Retype the following data exactly, but leave its pictures out.

[Items from a dataset]
= = = =

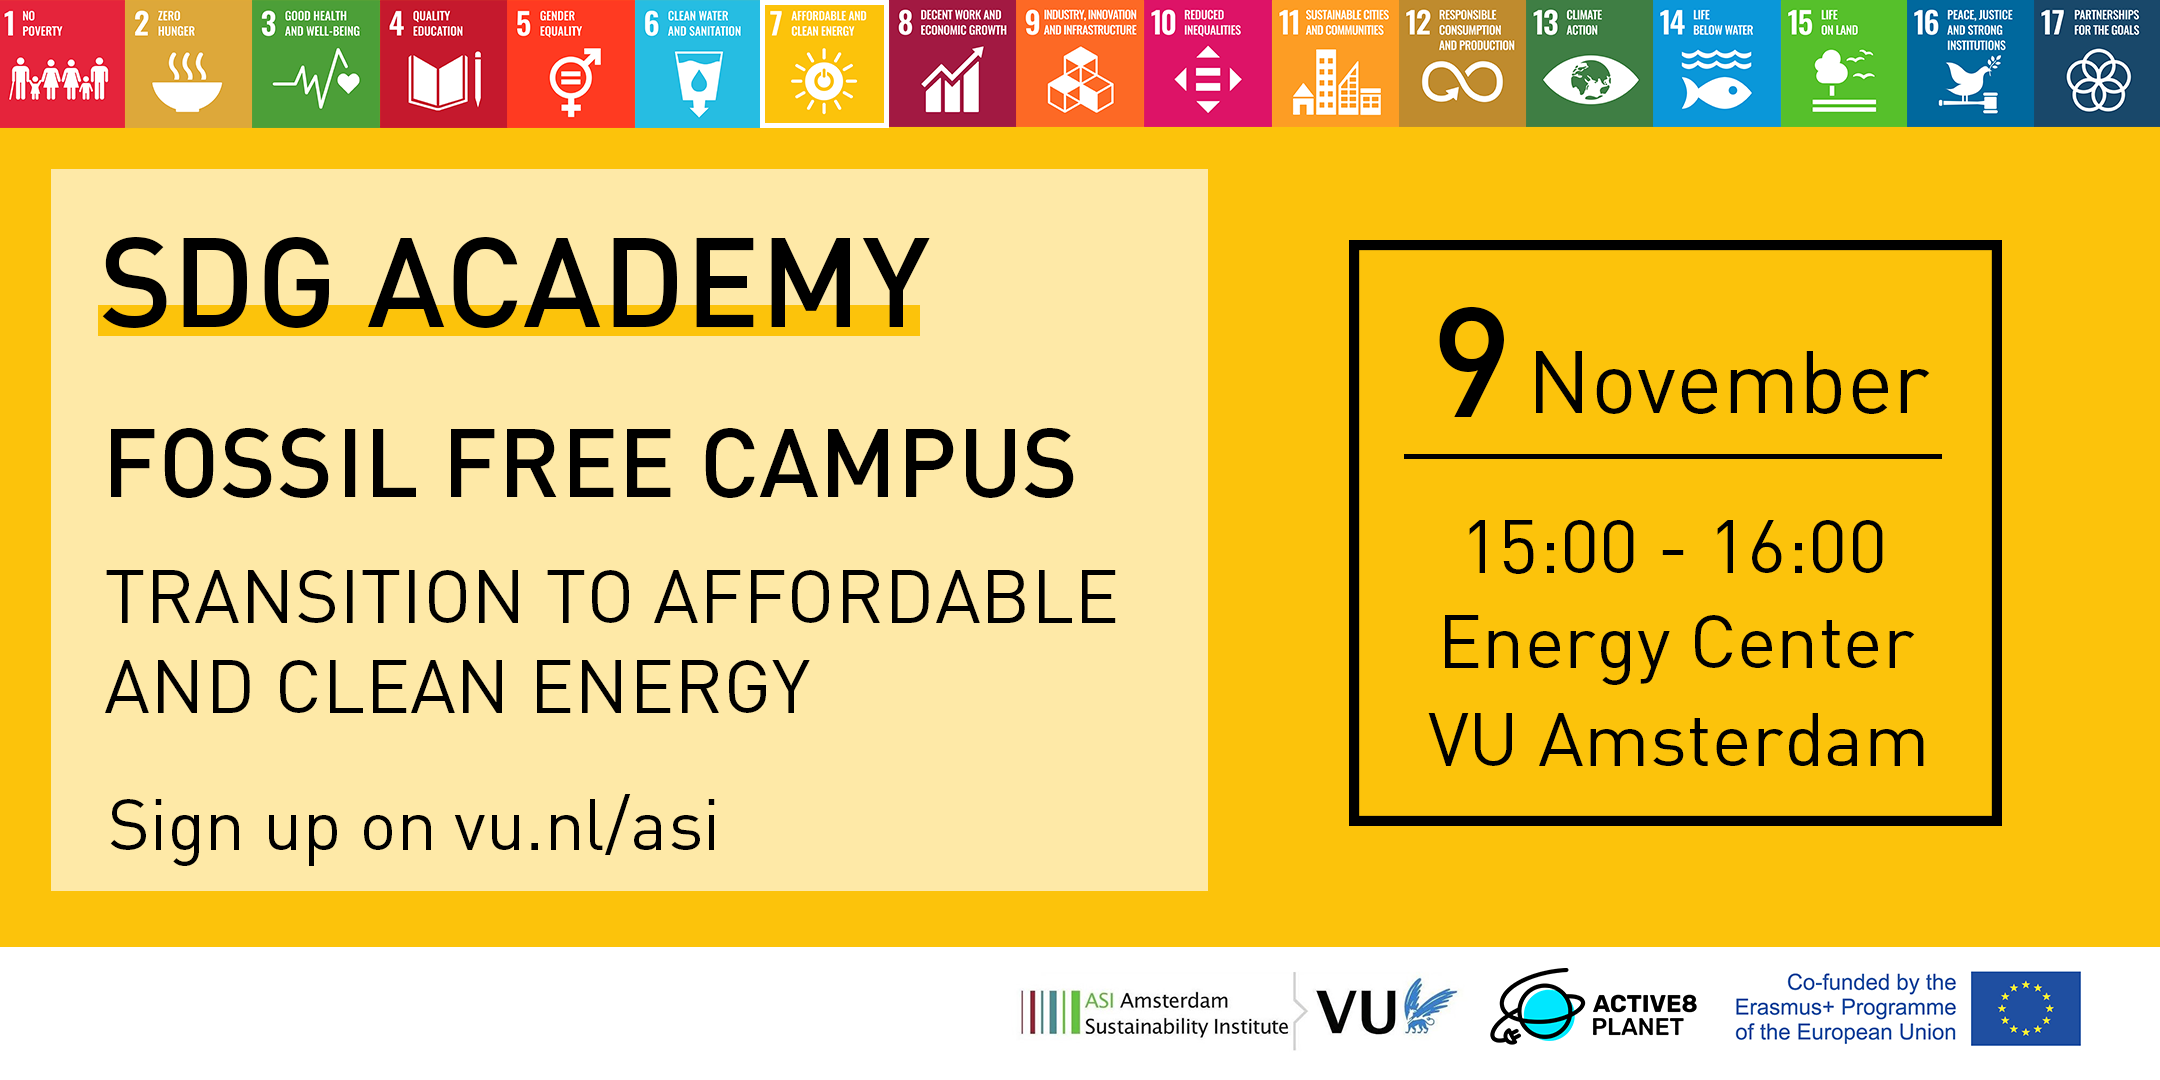 Poster for event SDG Academy
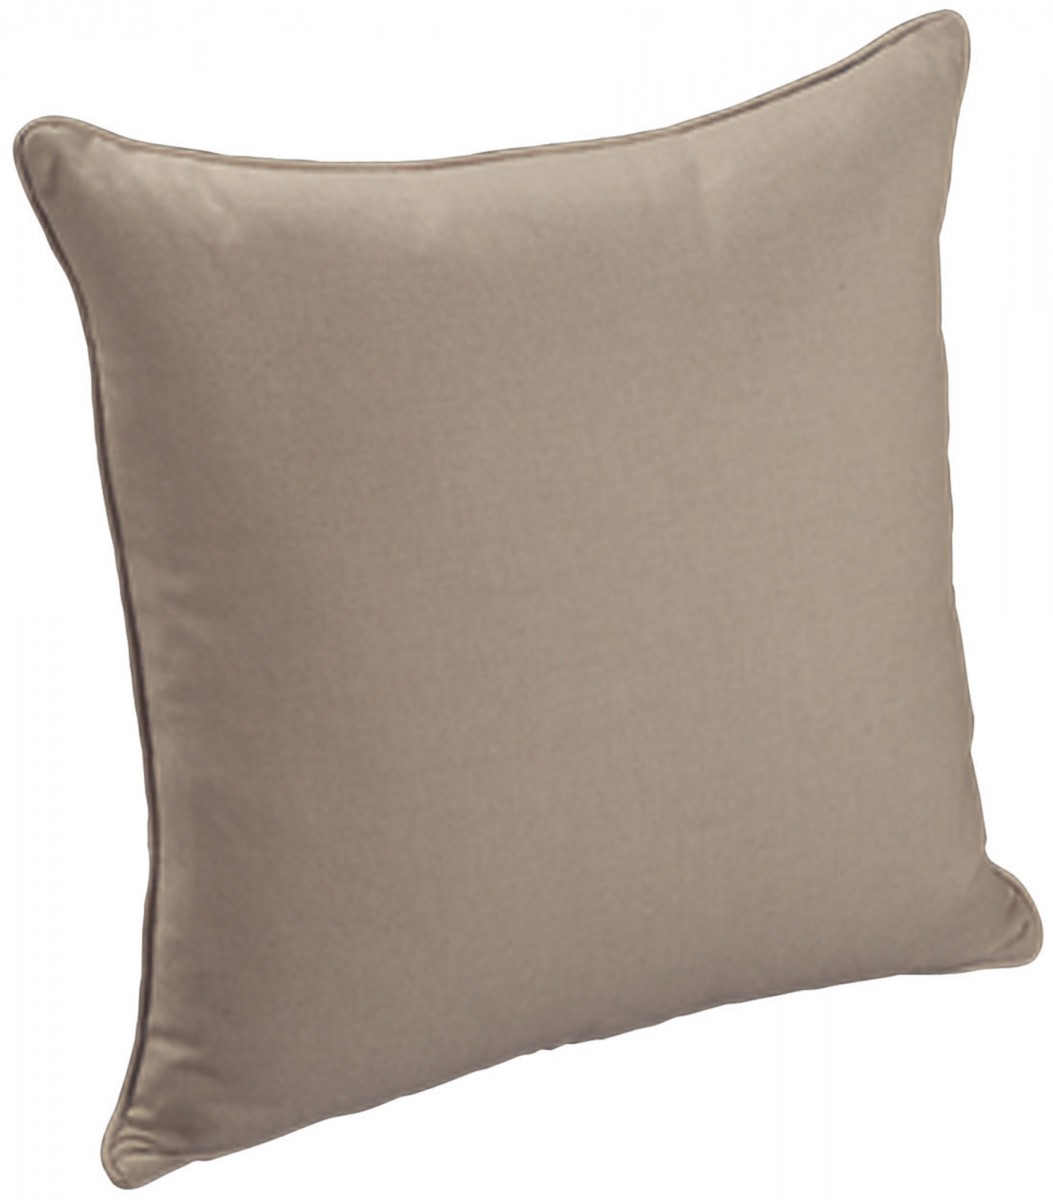 Throw Pillows Knife Edge Square with Welt 22" | Highlight image
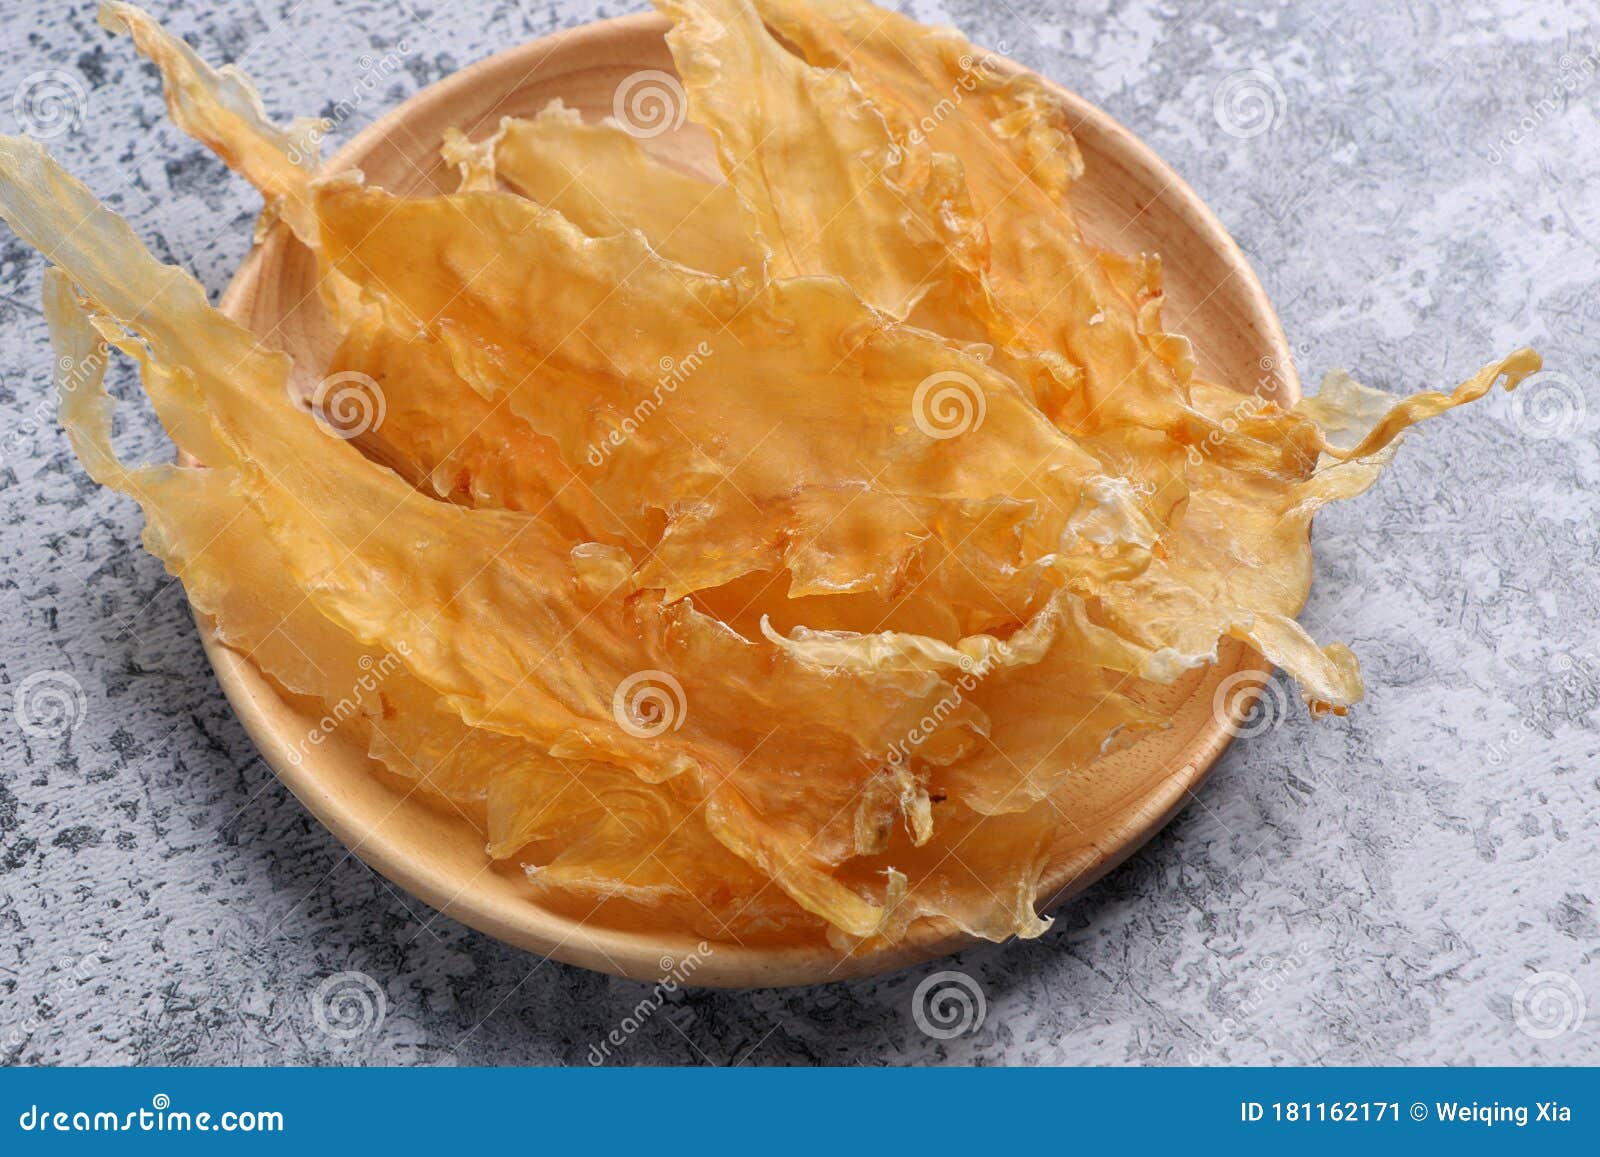 dried fish maw on wooden table.
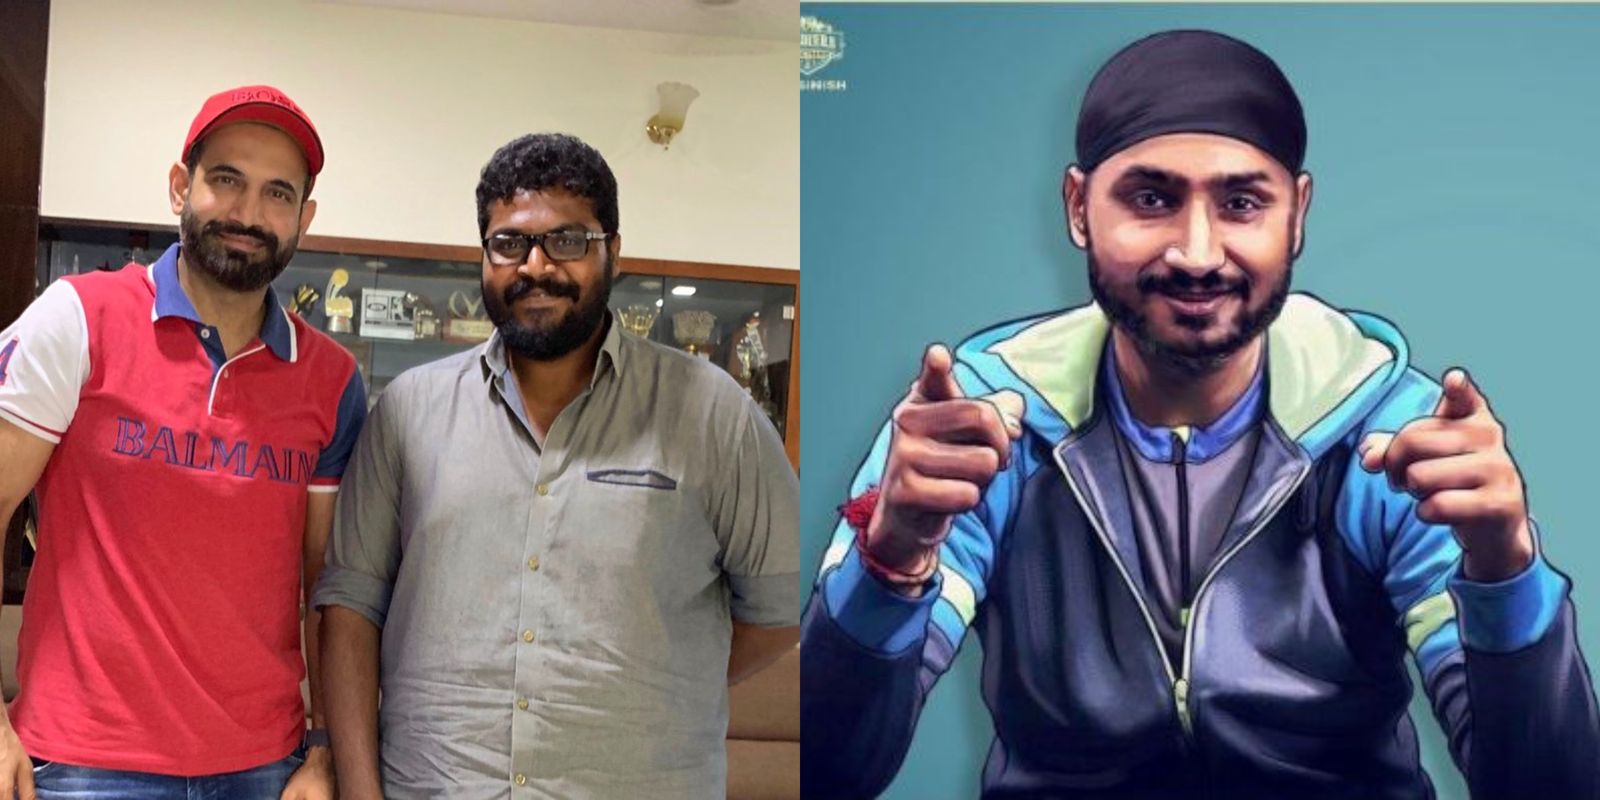 Cricketers Harbhajan Singh And Irfan Pathan All Set To Act In Tamil Films Dikkiloona And Vikram 58 Respectively 
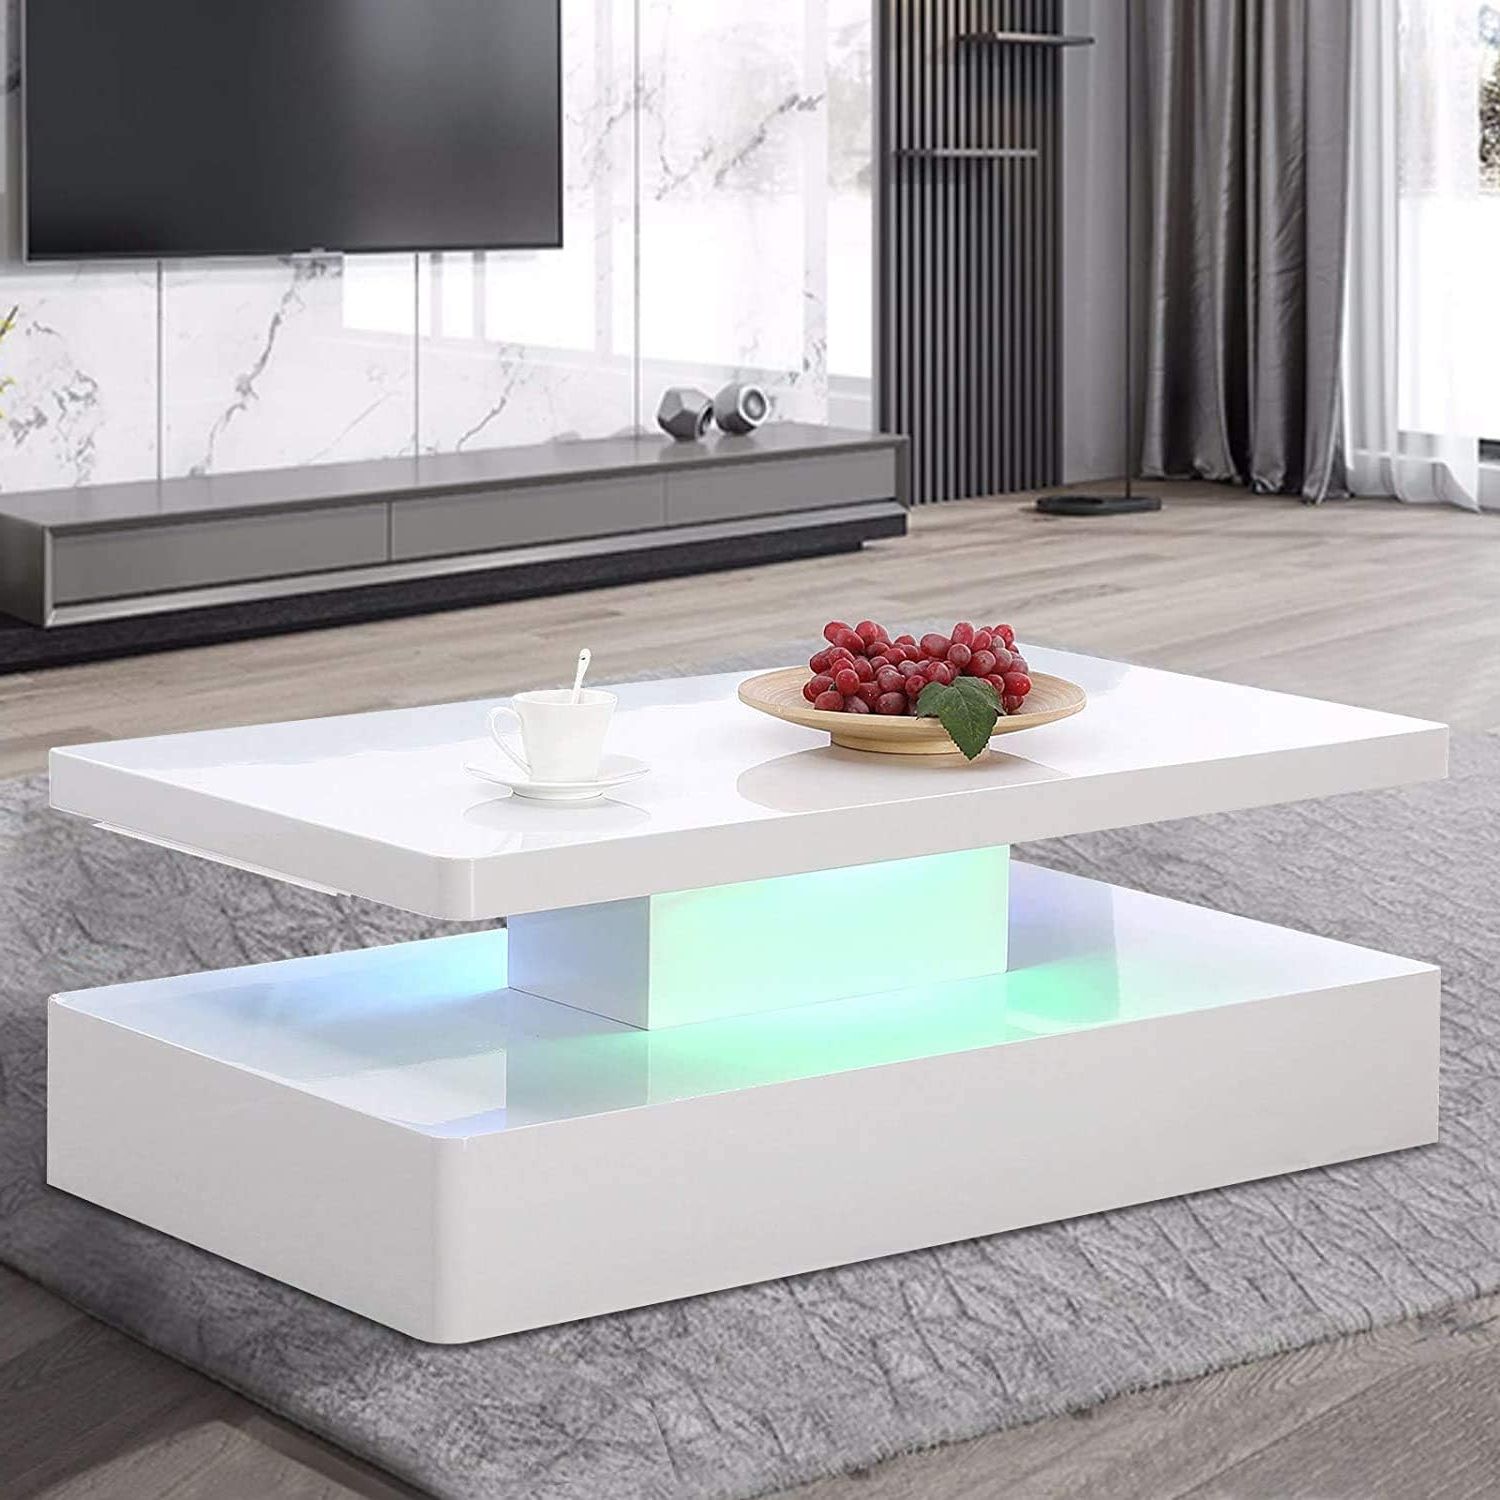 2019 Amazon: Mecor Modern Glossy White Coffee Table W/led Lighting, 2 In Coffee Tables With Led Lights (View 7 of 15)

= = = =

### Result for this exercise
 Poster for event SDG Academy
 Throw Pillows Knife Edge Square with Welt 22" | Highlight image
 dried fish maw on wooden table.
 Cricketers Harbhajan Singh And Irfan Pathan All Set To Act In Tamil Films Dikkiloona And Vikram 58 Respectively 
 2019 Amazon: Mecor Modern Glossy White Coffee Table W/led Lighting, 2 In Coffee Tables With Led Lights (View 7 of 15)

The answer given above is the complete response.